3. Corruption restricts women’s ability to meaningfully participate in decision-making, thus undermining the WPS agenda’s Participation pillar. A number of countries have noted in their State Party reports to the CEDAW Committee that corruption has an adverse effect on women’s political participation. For example, the 2004 Guatemala State Party report states that “women have no faith in the political process and believe that they have been deceived and exploited by male politicians. The 2009 State Party report of Papua New Guinea and the 2010 State Party report of Kenya also points to corruption as a major barrier to women’s political participation. The Papua New Guinea report notes that the prevalence of corruption increases the cost of running for office, thus making it impossible for women to stand as candidates.
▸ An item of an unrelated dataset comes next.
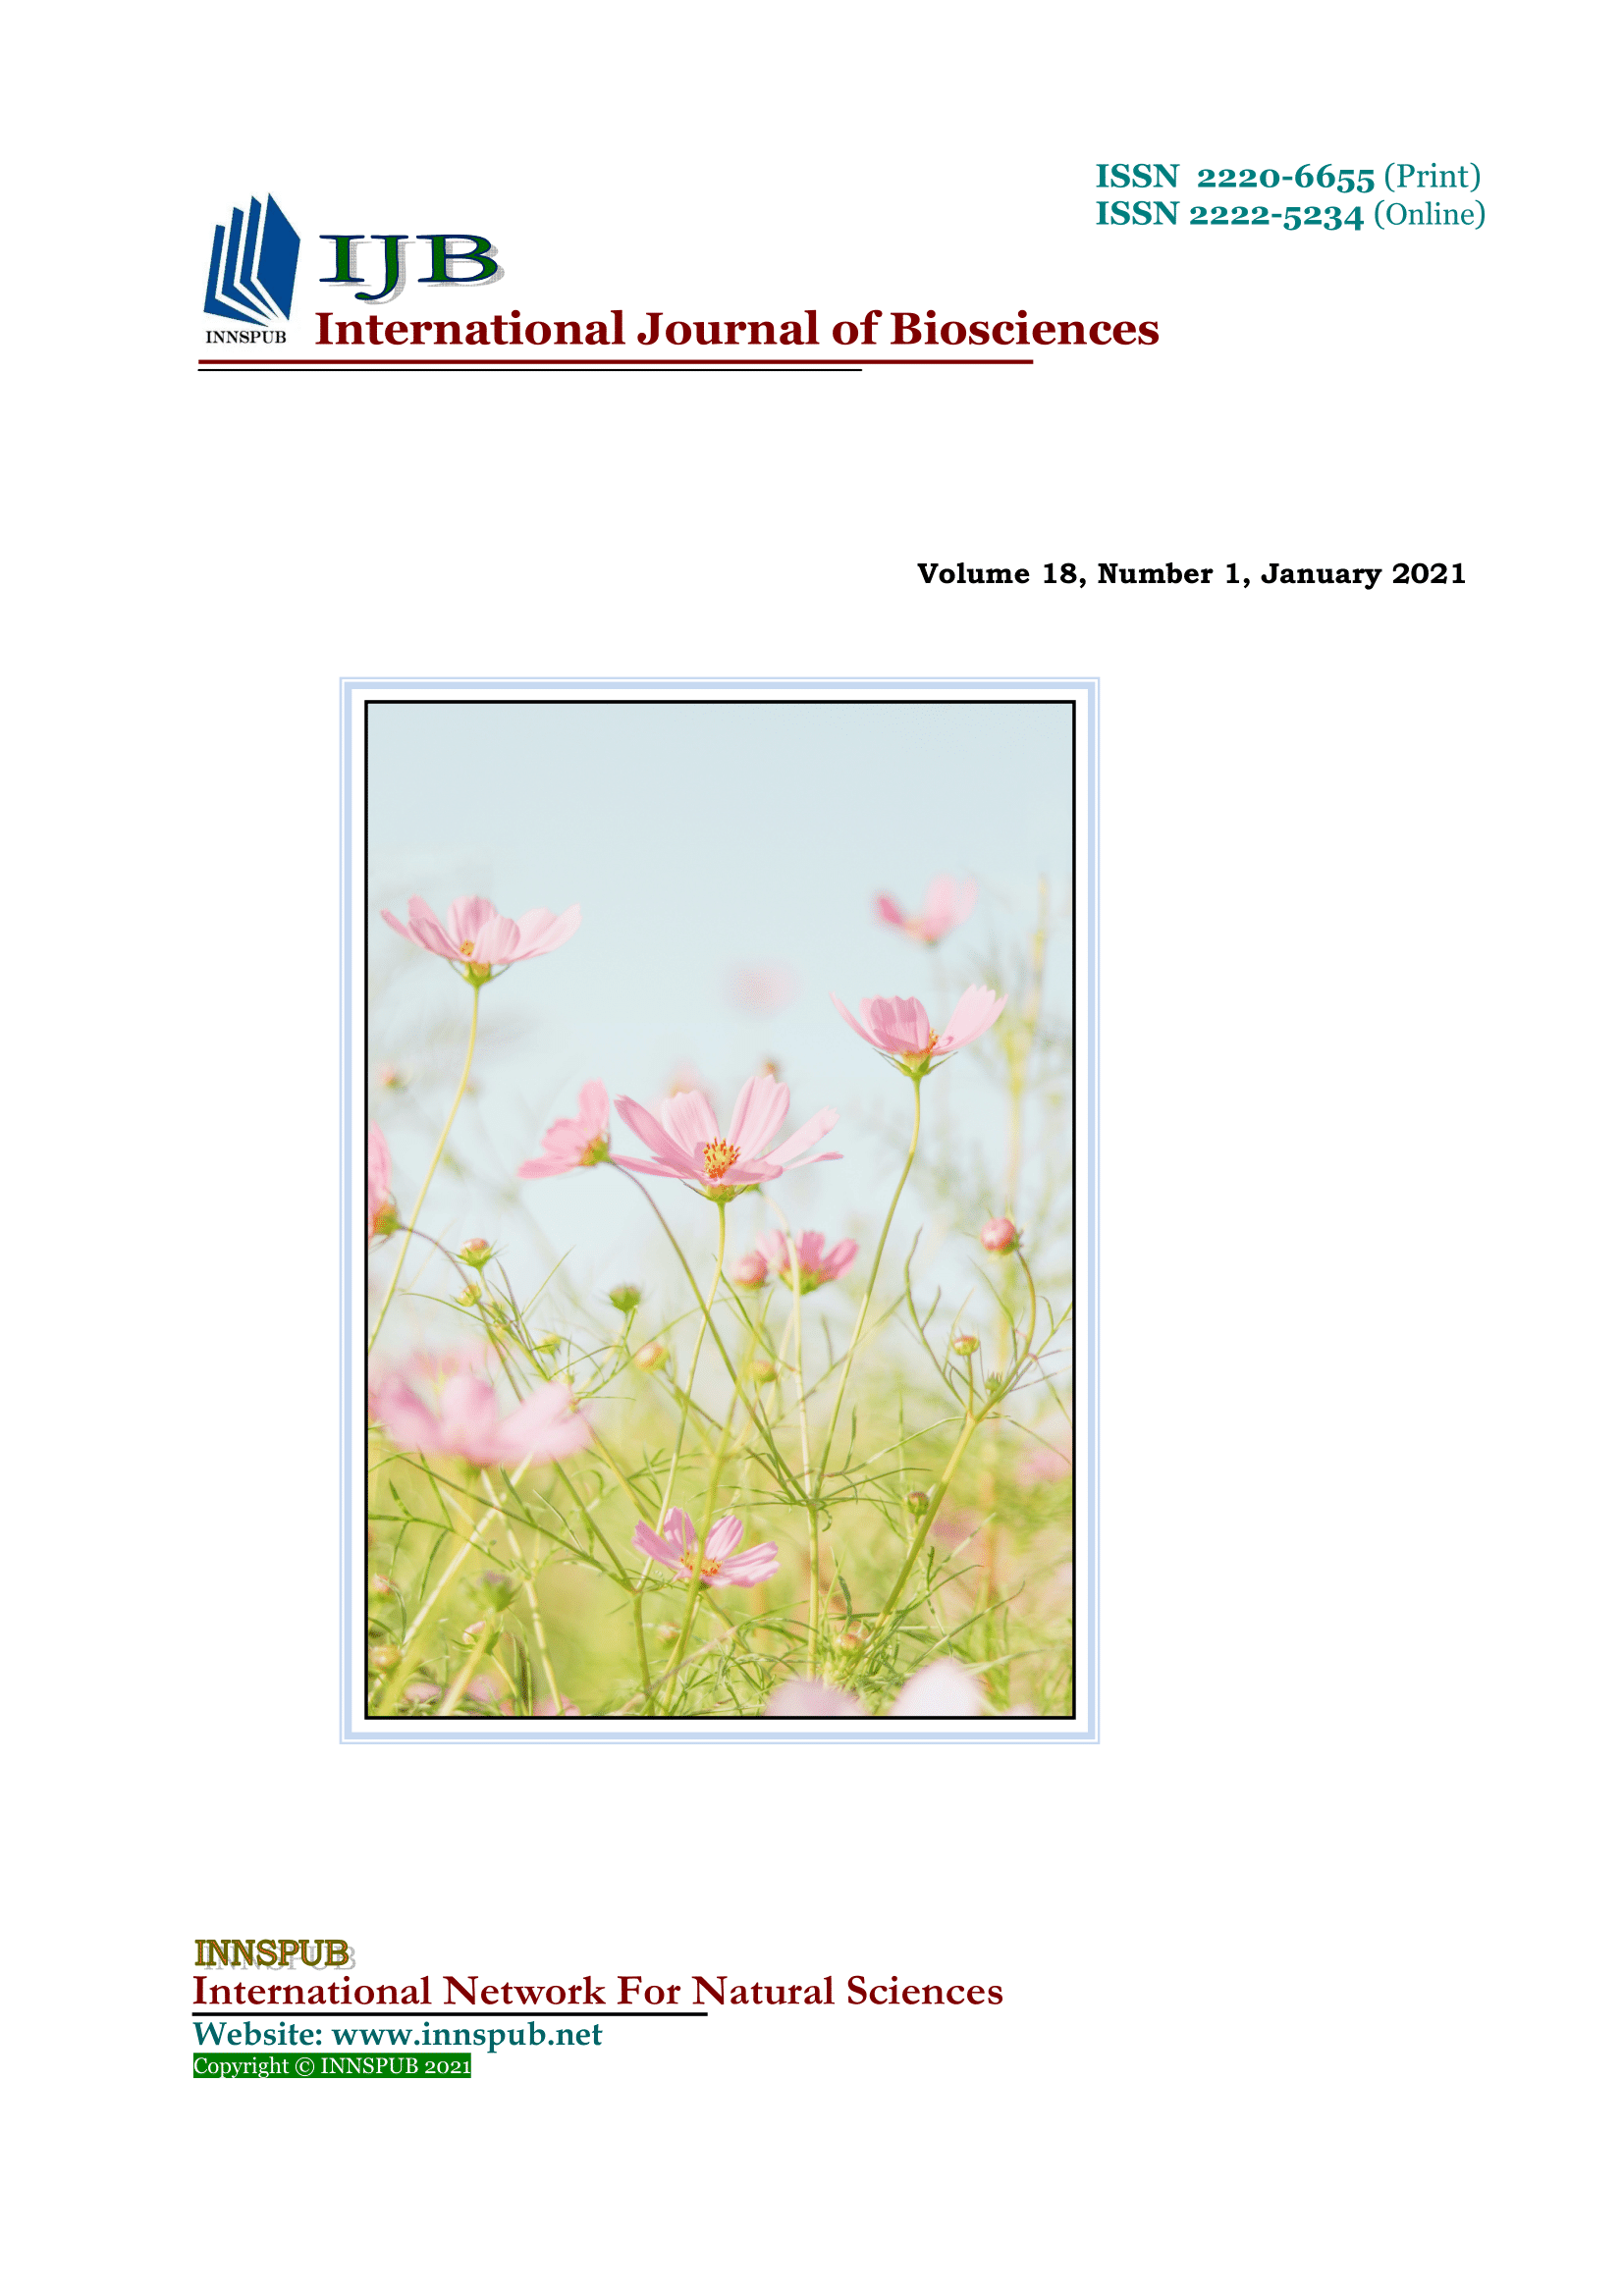 写真素材 naturalimages Vol.18 WITH FLOWERS-www.malaikagroup.com

4. Corruption has a documented negative impact on women’s access to justice, which undermines the post-conflict transition to a peaceful society and the implementation of the WPS Relief and Recovery pillar. In Nepal, research respondents noted that the police and judiciary officials are often hostile or disrespectful towards women, and there is a lack of understanding and appropriate guidelines on how violations of women’s human rights, including SGBV, are to be addressed. The lack of effective transparency and accountability mechanisms perpetuates such gender inequalities, as there are no checks and balances that would prevent security and justice officials from bringing their own biases into the system. Respondents also stated that widespread corruption at police and courts prevents speedy case clearance. As one respondent stated, “If there is ‘khuwai piyai’ (term used to indicate bribes provided – in cash or in kind – to obtain favors) then work moves ahead, otherwise it does not.” As a result, it could take up to 5-6 years for a case of SGBV to be considered in court. This effectively prevents women from accessing justice, as they do not have the resources to pay the bribes or to cover the legal fees during such a lengthy period.
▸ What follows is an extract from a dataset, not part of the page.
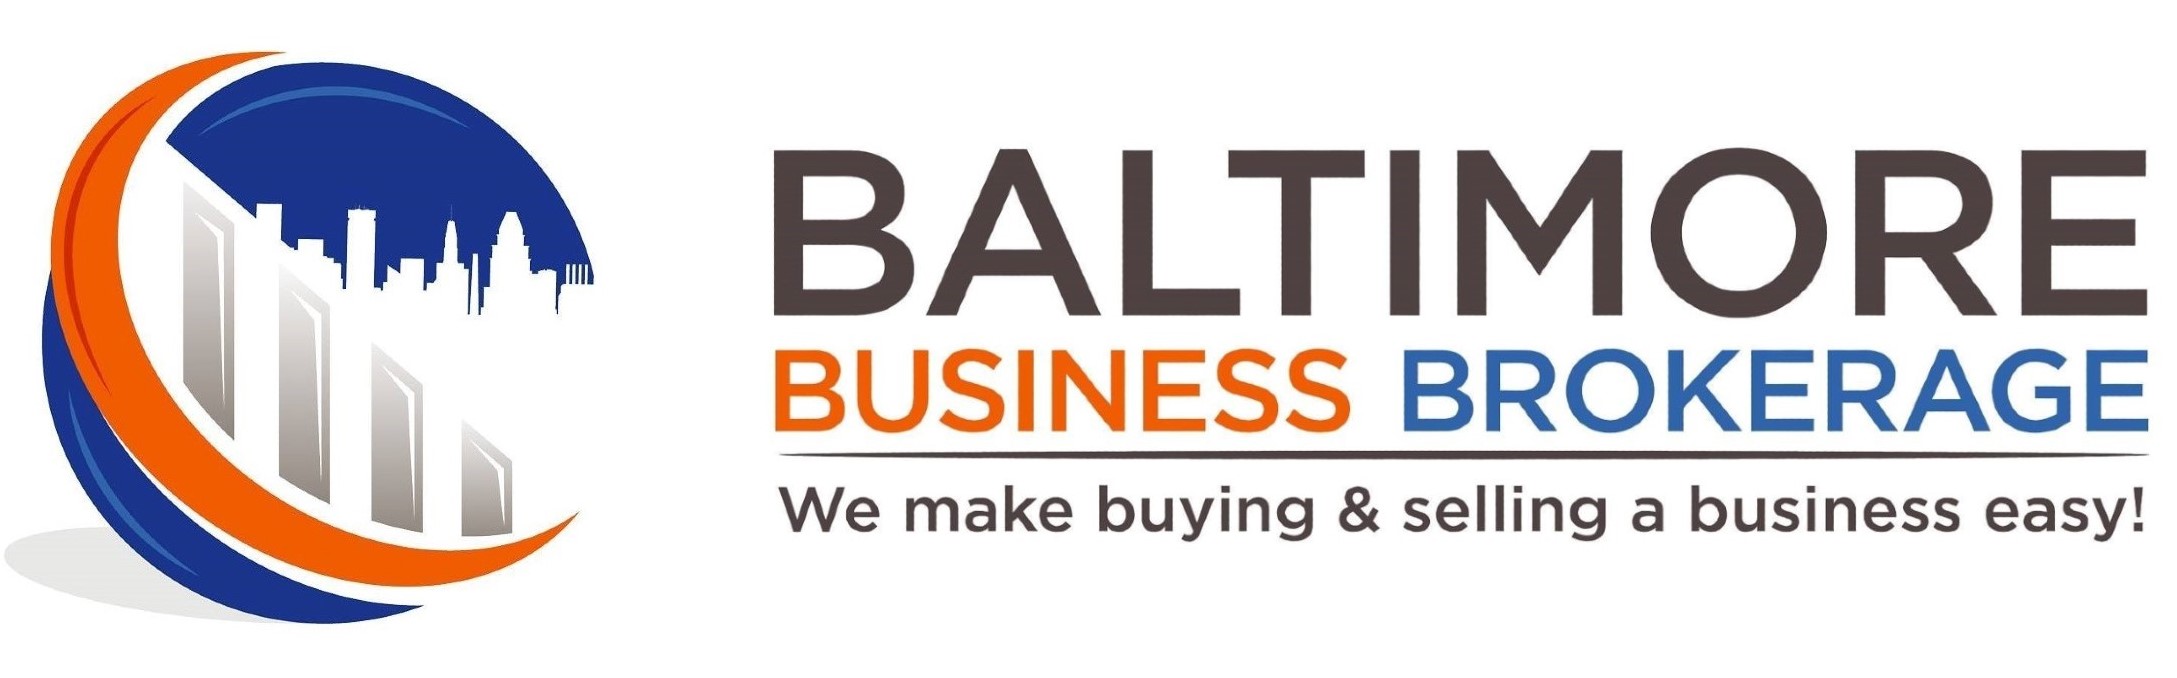 Baltimore Business Brokerage

Corruption is therefore not only a security concern – it is a WPS concern. Yet, it remains largely absent from discussions on conflict prevention and peace and security, including in the framework of WPS. Our call is clear: conflict-sensitive gender analysis must be a part of all discussions, policies, and actions to curtail corruption. Likewise, the issue of corruption should be acknowledged and discussed in policy fora dedicated to gender equality and sustainable peace – be it within the UN Security Council, the CEDAW Committee, or in national parliaments.